Don’t guess when it comes to performance…a RegEx story.
Many
times, when I work with a customer, it’s because they’ve tried to accomplish something
and need a little extra help. Often, this falls into the application optimization
area. For example, a few years ago, I had a customer that was developing a rather
sophisticated SharePoint workflow that had some custom code that would process and
merge two Excel spreadsheets together. They were using Excel 2007 so their merging
was being done using the excellent Open
XML SDK. To their credit, the application did what it needed to do – but
it took about an hour to process these spreadsheets. The developers on the project
knew about the performance problems but as so often happens, they thought they knew
where the bottlenecks were and how they should approach optimizing it. So, they
started injecting some tracing into their code and worked hard to optimize this lengthy
process. After a while, though, they had only shaved a few seconds off of that
60 minute time and while they did show some improvement – they knew they needed to
get the processing done even faster for this to become a viable solution for their
organization. So, they sent me a simple repro of the code and together in just
a few short days, we were able to get the processing from 60 minutes to under a minute.

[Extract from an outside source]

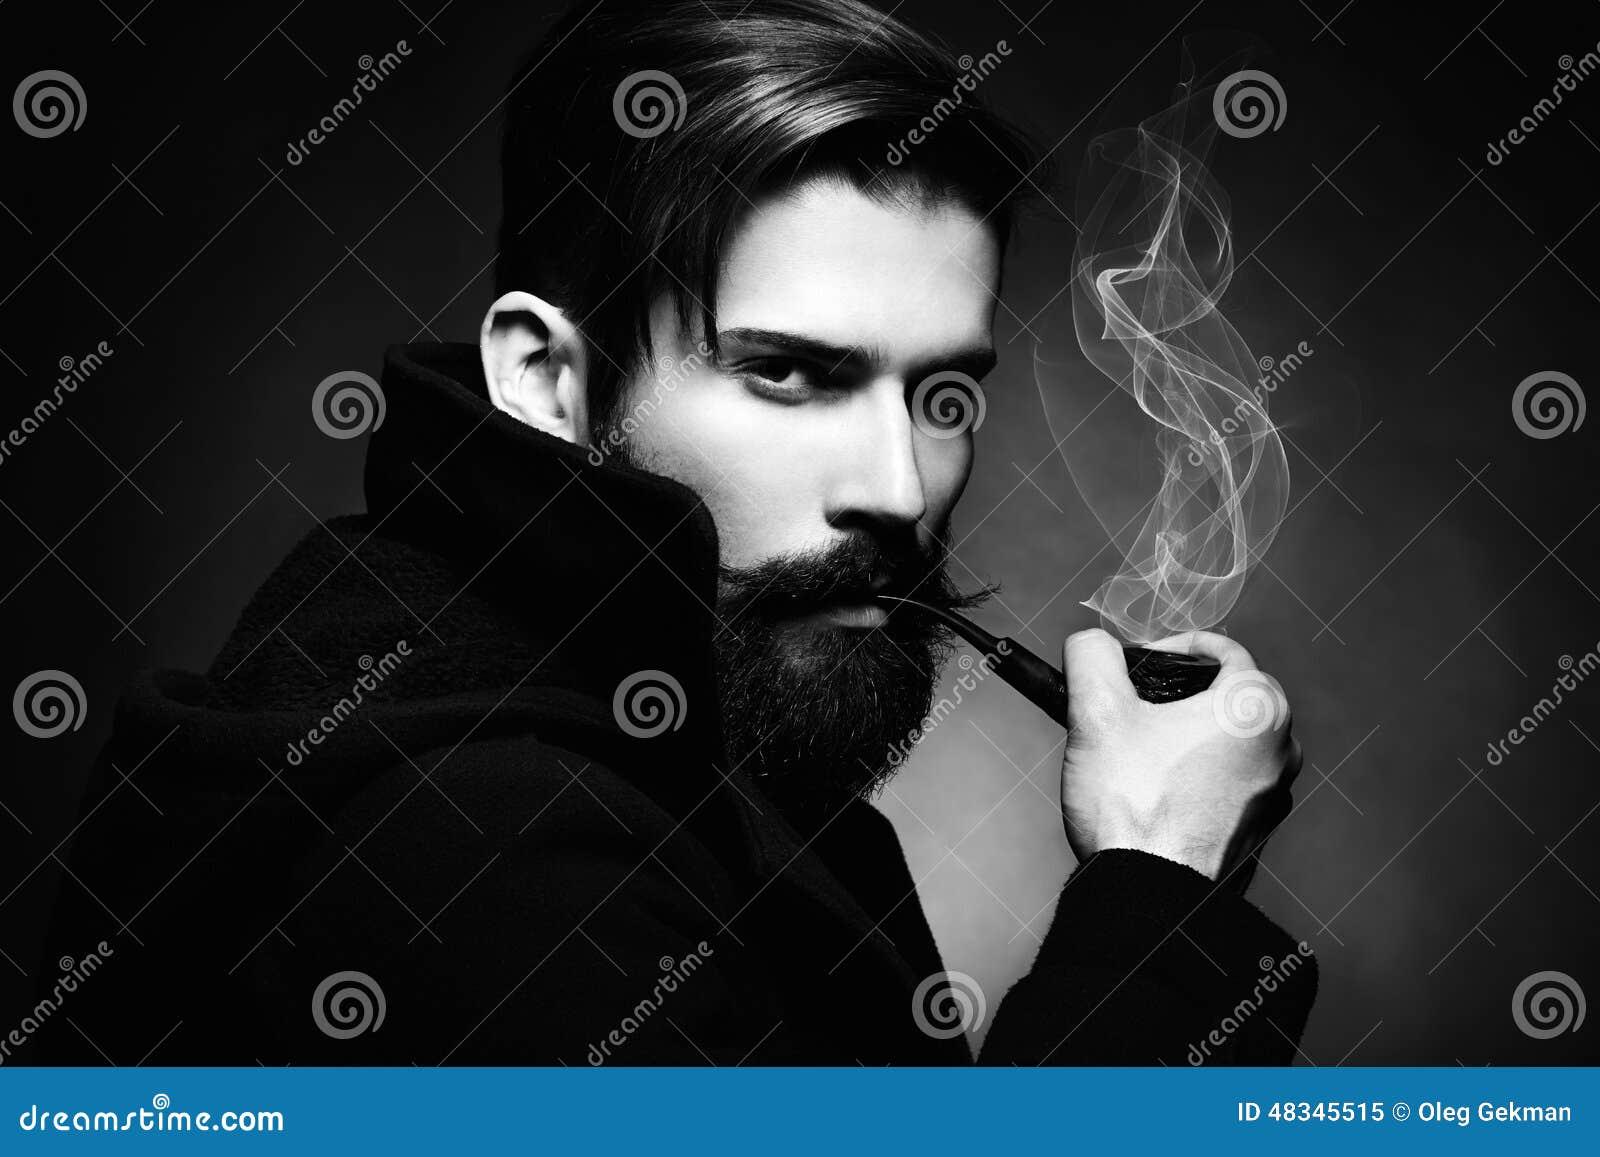 Artistiek donker portret van de jonge mooie man De jonge man

That’s a BIG win. Big like the Titanic big.
I love these types of engagements because, well, I like to make things faster.
The biggest problem that I see, though, is that some people shy away from using the
tools in optimization scenarios because they’ve been so invested in their code that
they think they know why it’s not performing. This is the “psychic” effect and
the mindset is usually something like this:
“I wrote this darn code and while I was writing it – I knew this method could be improved
so now I’m going to finally optimize the darn thing.”
It sounds good in-theory, right? You wrote the code, so you should know how
to improve it and really, what’s a tool going to tell you that you don’t already know?
In truth, it can tell you quite a bit. In other situations, the developers will
add some instrumentation (via tracing/debugging statements) to what they perceive
as the critical code paths and the resultant timing points to one area when the problem
really resides in a completely different section of code. That’s right, folks,
your tracing statements may be lying to you. So what’s a developer to do?
Well, use the tools, of course – the right tool for the right job, as they say.
Let me expand upon that in the context of some code that yours truly wrote a little
while ago.
The Problem
A
few short weeks ago, I posted a entry about parsing your ASP.NET event log error messages.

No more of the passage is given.